Les réflexions de haute tenue qui vont suivre sont regroupées dans le long et soporifique billet de blog hébergé par France Télévisions (la redevance télé est décidément judicieusement dépensée).

A part leur rejet sous-jacent permanent des théories du journaliste du Figaro Magazine, pas évident en vérité de voir où veulent en venir nos régisseurs du débat d’idées ! Sous le prétexte d’expliquer combien il est difficile pour un chercheur de s’adapter aux contraintes des affreux médias modernes où ils sont appelés à témoigner, une glose sans fin se développe. Voici la substantifique moelle qu’on peut tirer des questionnements de nos éminents savants « progressistes ».

Zemmour n’est même pas chercheur au CNRS !

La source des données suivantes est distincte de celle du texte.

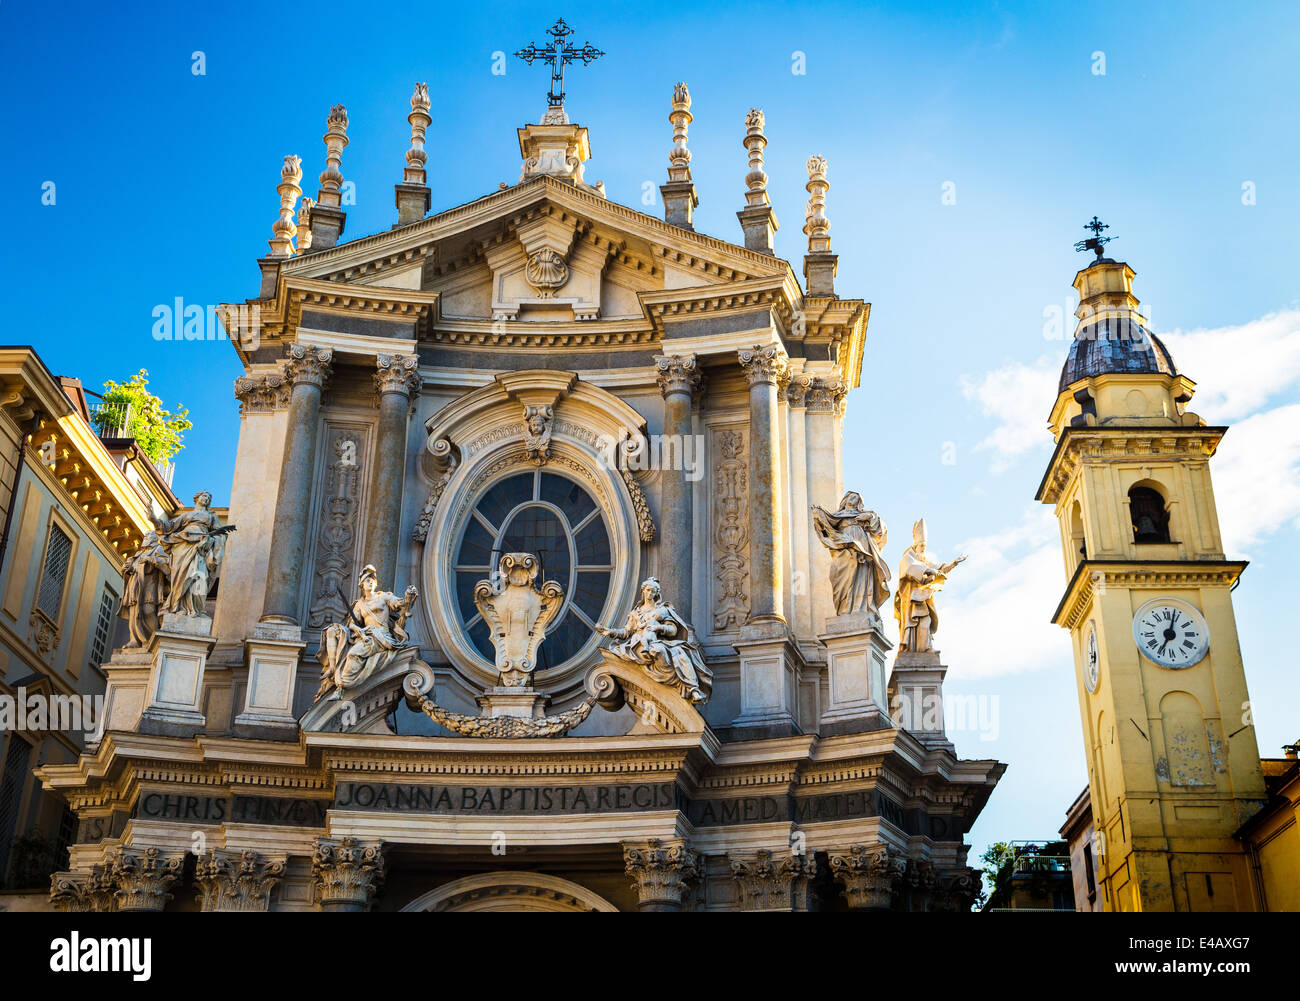 Detail von der Kirche Santa Cristina mit Turm der Kirche San Carlo auf der rechten Seite. Piazza San Carlo, Turin, Italien. Stockfoto

Les médias n’offrent pas le support idéal pour exposer tout le savoir scientifique. Les chaînes info en continu sont apparemment un fléau où les journalistes travaillent dans l’urgence. Les émissions racoleuses concoctées par ces derniers ne permettent que trop rarement au chercheur d’y développer toute l’étendue de son sidéral savoir universitaire. Scoop !
Les médiatiques mettent sur un plan d’égalité les différents intervenants. Un petit scandale ! Si le vote de chaque citoyen a la même valeur, dans le domaine des opinions, faudrait pas pousser ! Demandons à BFMTV de mettre en gros et en bien gras les titres des scientifiques intervenants sur les plateaux. Ils y sont visiblement très attachés . Sinon, la parole d’un vulgaire « polémiste » est autant considérée que celle d’un « vrai » chercheur. Comment le citoyen peut-il ne pas voter comme un sagouin ensuite ?
La télévision ne permet pas de « notes de bas de pages », de « bibliographie », « d’équations ou de modèles ». C’est vraiment ballot, car les scientifiques excellent dans ces domaines.

Certains journalistes mal intentionnés retranscrivent de travers les citations les plus brillantes de nos savants. Ceci dans le but fallacieux de « conforter ou illustrer un aspect de l’angle développé dans [leur] article ». Salauds !
Pour en revenir à Belzébuth (Gargamel / Zemmour NDLR), qui parvient de son côté à se jouer de tous ces pièges, son « régime de parole » est celui du « domaine de l’opinion masquée derrière une pseudo-scientificité ». Alors que, bien sûr, le régime de parole de Weil « c’est la vérité du savoir et des connaissances scientifiques ».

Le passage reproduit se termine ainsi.